In this article, I'm going to go over some basic SQL statements, in particular, joining tables together. The examples will be written for SQL Server, but should also work for MySQL.
The Example
The example below shows part of an eCommerce database. There are two tables. A Product table and a OrderProduct table. The Product table has a one-to-many relationship with the OrderProduct Table.
Product
ProductId
Name
Price
1
T-Shirt
10.00
2
Shoes
25.00
3
Hat
4.00
4
Tie
2.00
5
Jumper
20.00
OrderProduct
OrderProductId
ProductId
Name
Price
1
1
T-Shirt
10.00
2
1
T-Shirt
10.00
3
1
T-Shirt
10.00
4
2
Shoes
25.00
5
2
Shoes
25.00
6
5
Jumper
20.00
Joining
Both tables join each other by using the ProductId. The ProductId on the Product table joins the OrderProduct table by the exact same key.
Inner Join
Inner join allows you to return the results of both tables, as long as the joining column exists in both table records. If the joining column record does not exist on either table record, it will not be returned.
In the example below, we are inner joining both Product and OrderProduct together and returning the columns from the Product table in the SELECT statement. Because ProductId 3 and 4 do not exist in the OrderProduct table, they do not get returned.
SELECT Product.ProductId, Product.[Name], Product.Price FROM dbo.Product
INNER JOIN dbo.OrderProduct ON Product.ProductId=OrderProduct.ProductId
ORDER BY Product.ProductId
ProductId
Name
Price
1
T-Shirt
10.00
1
T-Shirt
10.00
1
T-Shirt
10.00
2
Shoes
25.00
2
Shoes
25.00
5
Jumper
20.00
But wait, this is returning duplicate records, how do we only return unique records from the Product table? By using GROUP BY. This allows us to group the results by particular columns. The example below shows us grouping the results by ProductId and Name.
SELECT Product.ProductId, Product.[Name] FROM dbo.Product
INNER JOIN dbo.OrderProduct ON Product.ProductId=OrderProduct.ProductId
GROUP BY Product.ProductId, Product.[Name]

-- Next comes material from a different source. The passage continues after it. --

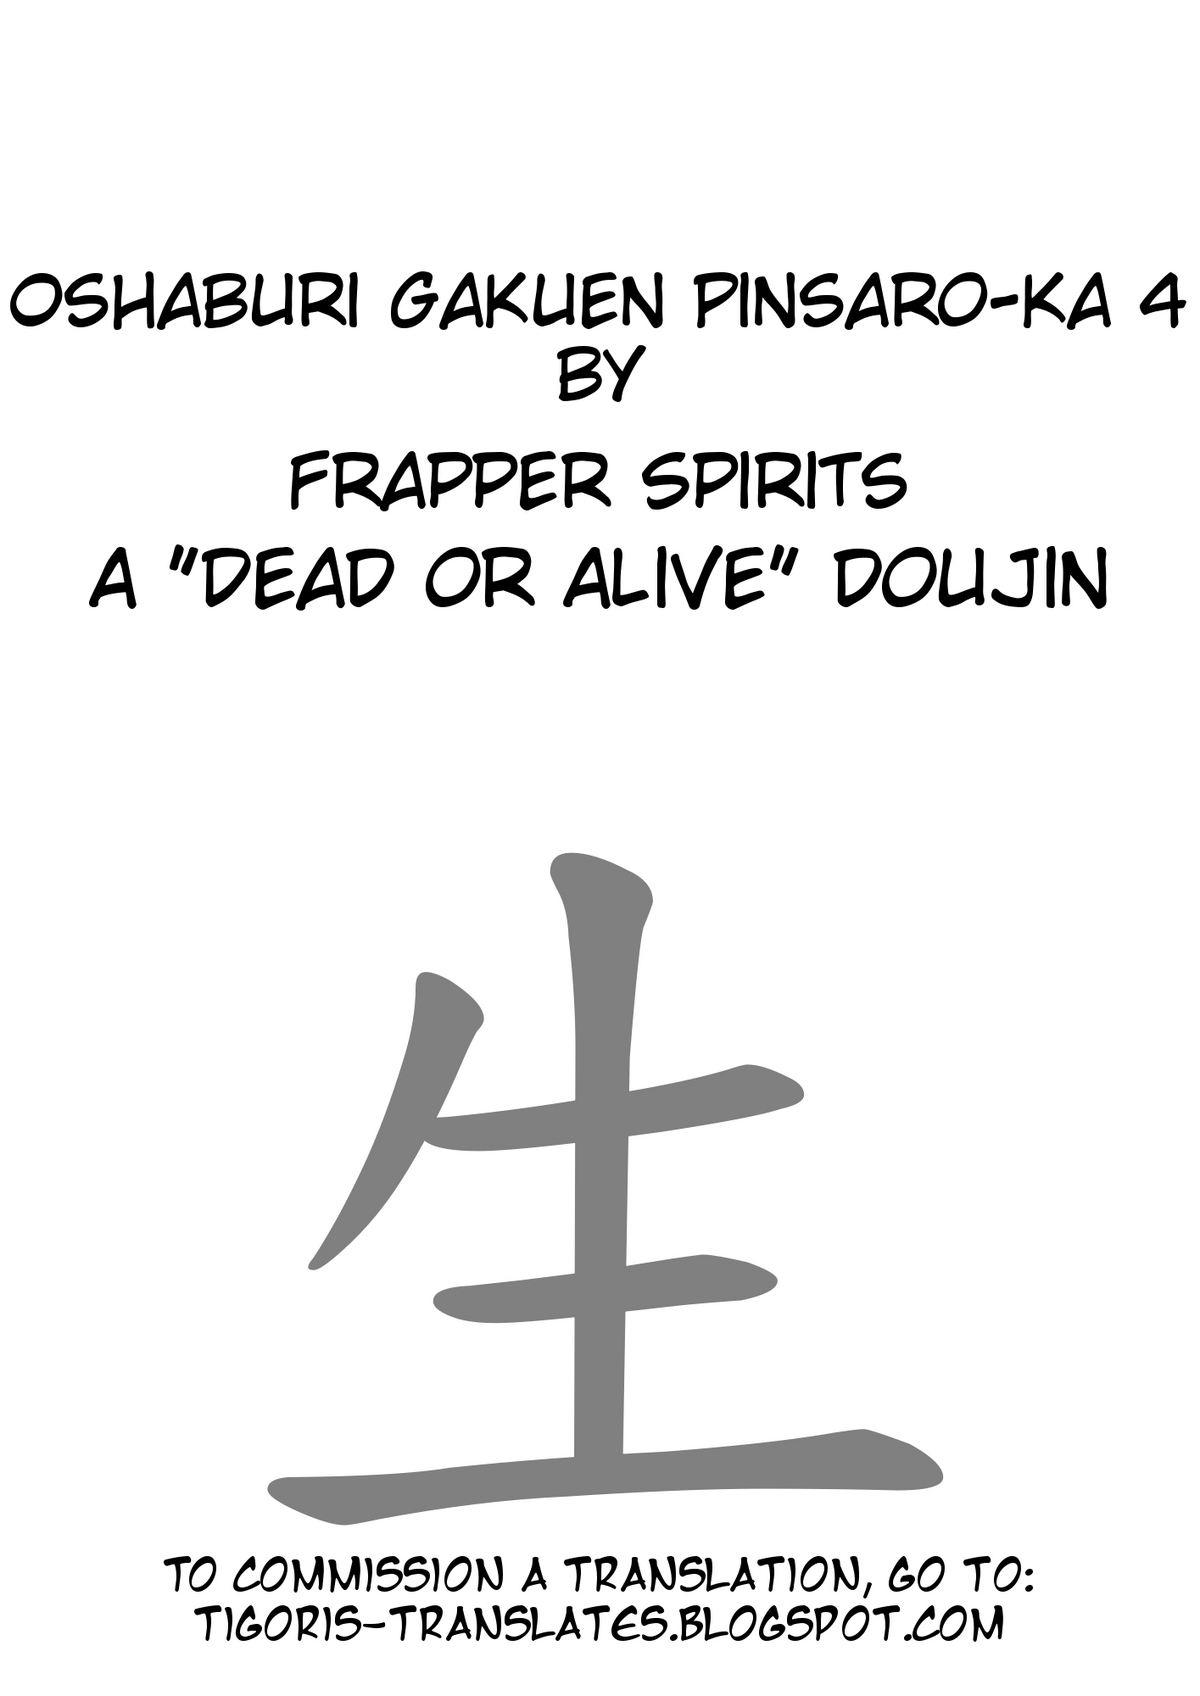 Deep Oshaburi Gakuen PinSalo-ka 4 - Dead or alive Youporn - Page 2

ORDER BY Product.ProductId
ProductId
Name
1
T-Shirt
2
Shoes
5
Jumper
Now, we can amend this further by working how much was spent for each product by using the SUM function. As you can probably guess, the SUM function adds up all the columns and returns the total. We can also use the COUNT function to work out the quantity for each product. You can only use these functions when grouping data together.
SELECT Product.ProductId, Product.[Name], COUNT(OrderProduct.OrderProductId) AS Quantity, SUM(OrderProduct.Price) AS TotalPrice FROM dbo.Product
INNER JOIN dbo.OrderProduct ON Product.ProductId=OrderProduct.ProductId
GROUP BY Product.ProductId, Product.[Name]
ORDER BY Product.ProductId
ProductId
Name
Quantity
TotalPrice
1
T-Shirt
3
30.00
2
Shoes
2
50.00
5
Jumper
1
50.00
Left Join and Right Join
Left join (or left outer join) allows you to join two tables, but the initial table will return all records, regardless of whether the key exists in the joining table.
SELECT Product.ProductId, Product.[Name] FROM dbo.Product
LEFT JOIN dbo.OrderProduct ON Product.ProductId=OrderProduct.ProductId
GROUP BY Product.ProductId, Product.[Name]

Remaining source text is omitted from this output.